On the contrary, there are certain alternatives, such as the intestinal biopsy, the histamine provocation test or the histamine metabolomics in urine, that could make it possible to diagnose histamine intolerance due to DAO deficiency without excluding any of the possible etiological causes.
The measurement of intestinal DAO activity by a colon biopsy during endoscopic procedures has been studied as a possible diagnostic marker.

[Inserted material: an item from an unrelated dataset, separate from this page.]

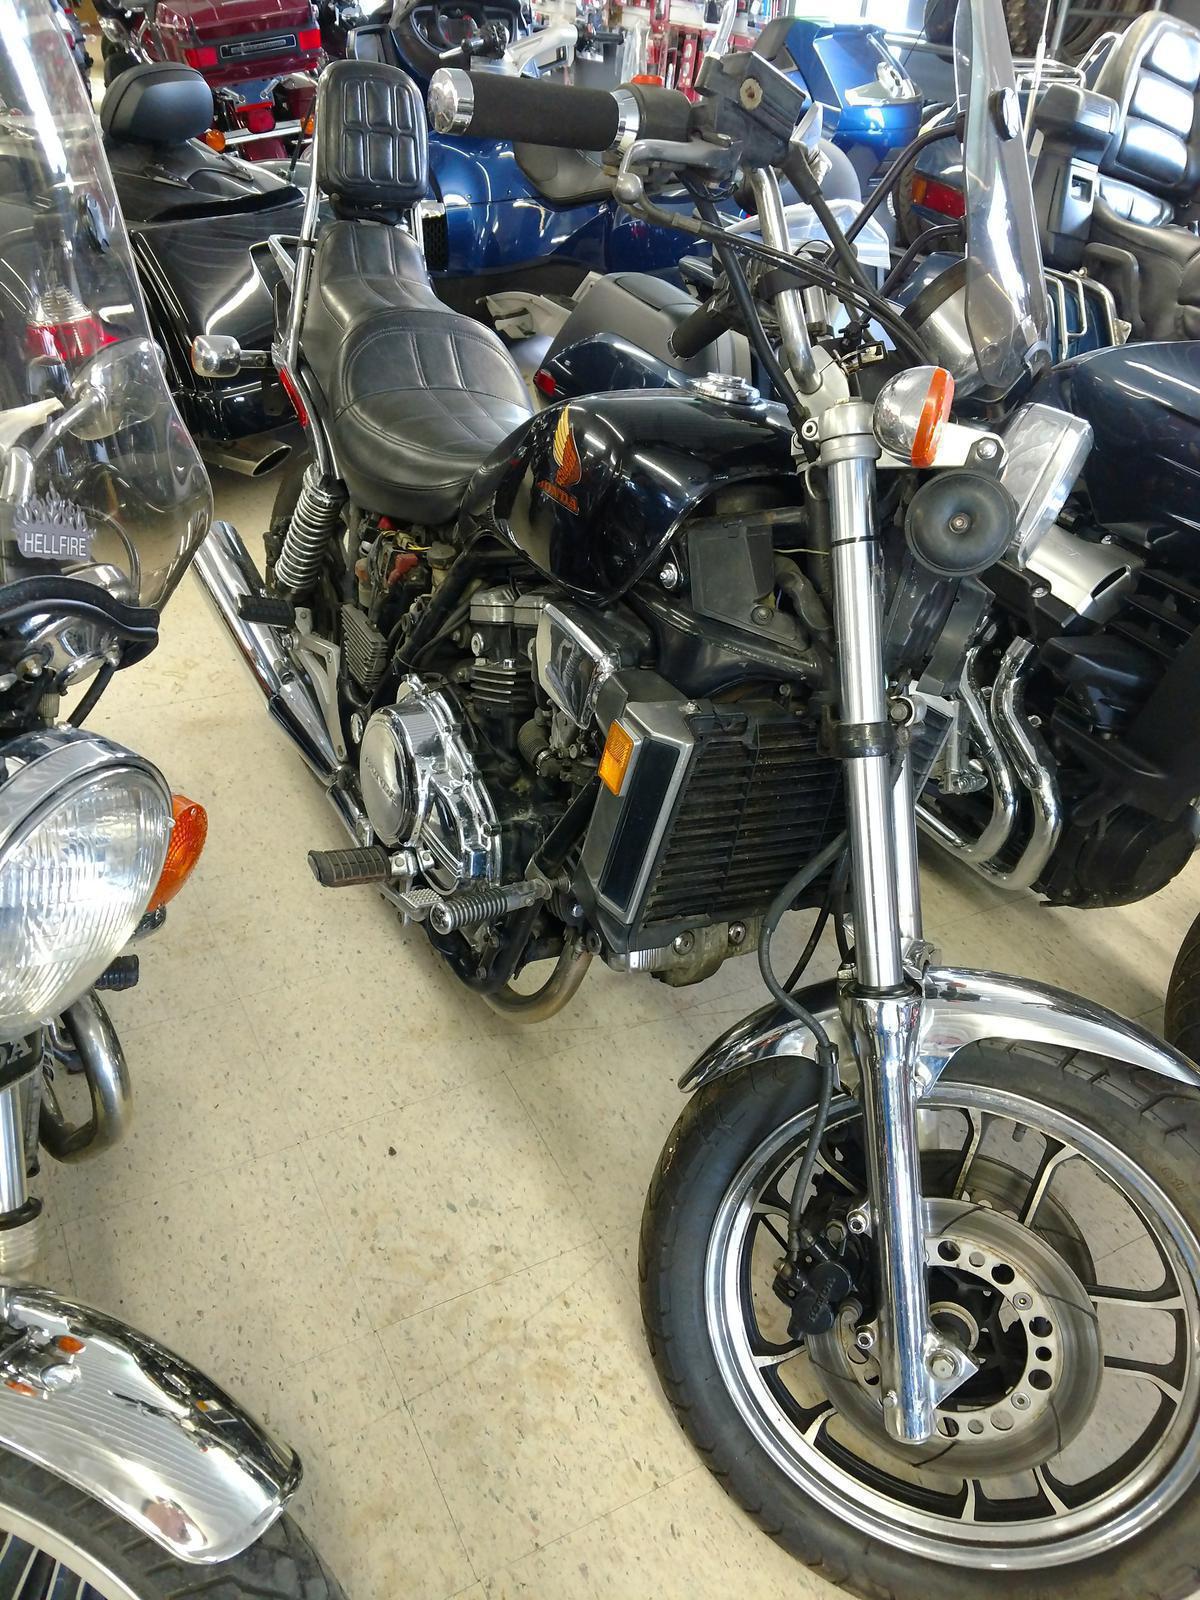 1984 Honda V65 Magna For Sale In Oblong, IL | Sparks U0026 Sons, Inc. (618)  592 4732

The few available studies have shown a reduced intestinal DAO catabolic activity in patients with recurrent urticaria, food allergy and colon adenoma, accompanied by an increase in histamine levels [
103,
104,
105,
106]. Although this test has interesting diagnostic potential, more studies are needed to validate its clinical significance and its relationship with the symptoms of histamine intolerance [
97]. If proven, this diagnostic test would be very adequate since this disorder originates from a reduced ability of the intestinal DAO enzyme to cope with dietary histamine.

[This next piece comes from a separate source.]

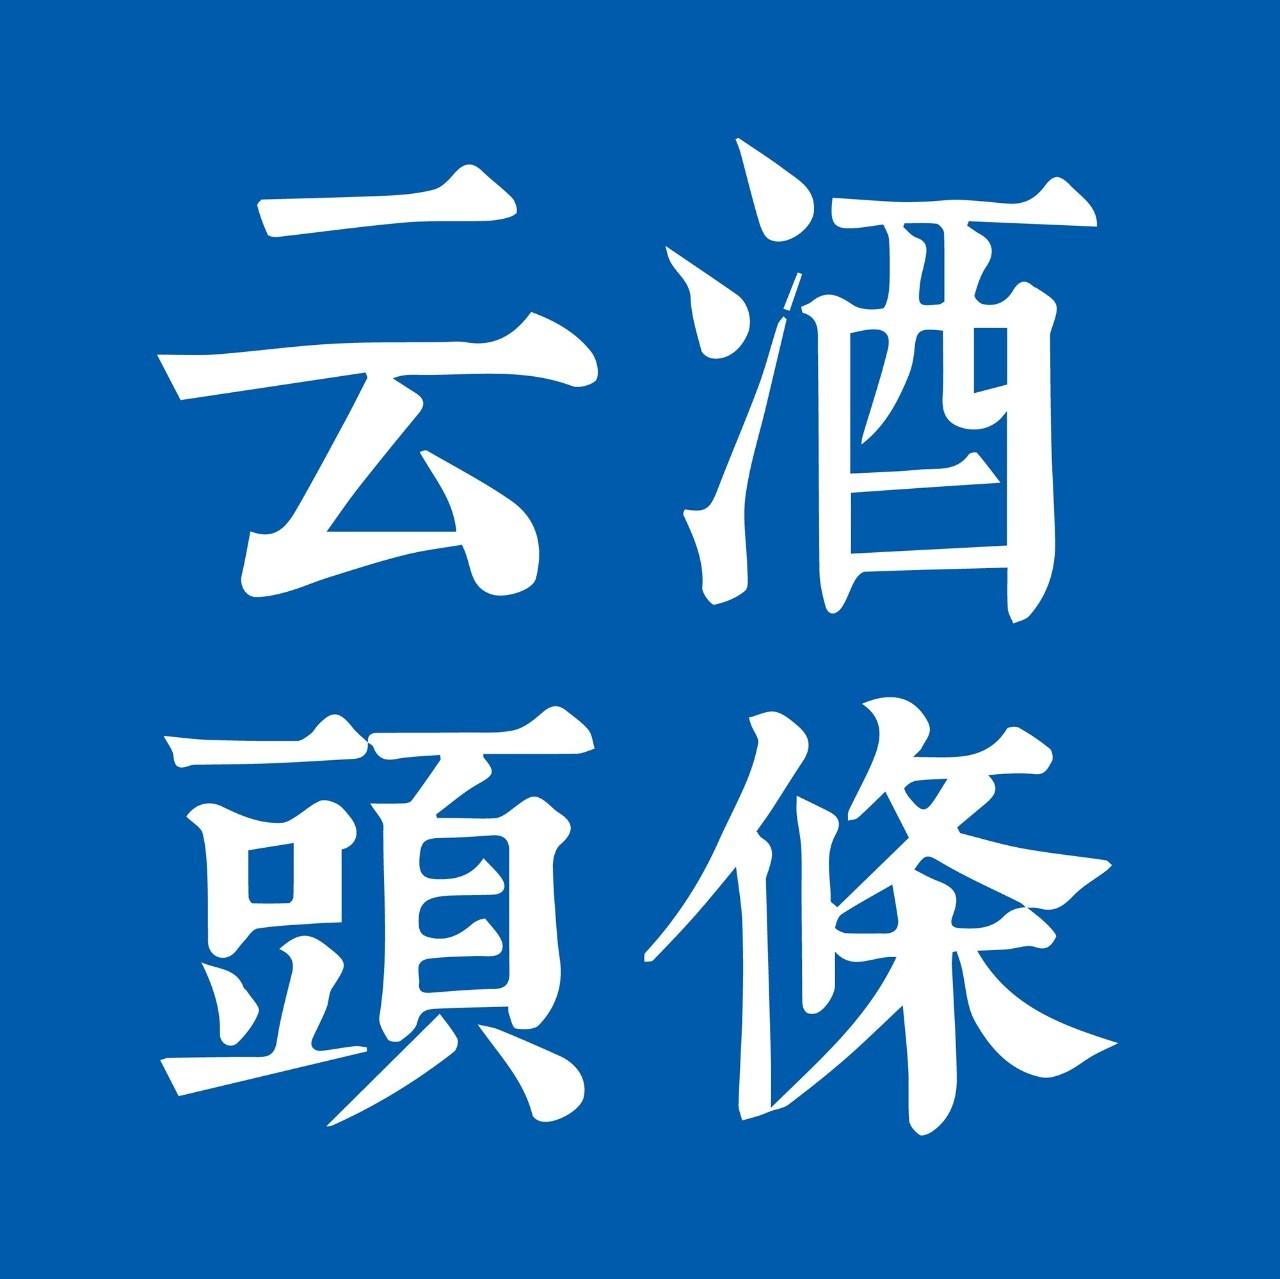 洋河:储存原酒70万吨,新江苏市场570个;王朝披露2011-2016年业绩;百威亚太仍谋求IPO|云酒早知道

Histamine challenge/provocation test has also been proposed by some authors as a diagnostic tool for intolerance, which would, at the same time, establish the individual tolerance threshold. This double-blind, placebo-controlled test involves oral administration of histamine and requires patient medical supervision and hospitalization. In the study by Wöhrl et al., half of the healthy volunteers developed symptoms after the administration of a solution containing 75 mg of histamine [
107]. In contrast, the results of a multicenter study by Komericki et al. using the same oral dose of histamine indicated the challenge test was unreliable for diagnosing histamine intolerance due to a lack of intraindividual reproducibility of symptoms after two different provocation tests [
108]. The application of this procedure is still limited because of the risk of serious adverse side effects and the absence of a standardized dose of histamine and properly established protocol [
97].
Finally, in recent years, efforts have been made to identify a noninvasive marker to establish a solid and clinically irrefutable diagnostic criterion for histamine intolerance due to DAO deficiency. Currently, the application of metabolomics as a tool for the identification of biomarkers of histamine metabolism in urine is also being challenged as a possible new diagnostic strategy [
11]. The hypothesis is that individuals with histamine intolerance could have a different excretion profile of histamine and its metabolites in urine than normal individuals. For this purpose, Comas-Basté et al. have recently proposed a chromatographic approach that allows for determining in a fast and unequivocal manner the urinary levels of histamine and its methylated metabolite, methylhistamine [
11]. It is still necessary to validate the potential diagnostic utility of this approach in patients with histamine intolerance, as well as complementing the excretion profile with other histamine metabolites to obtain a more accurate image of the possible alterations produced in this intolerance.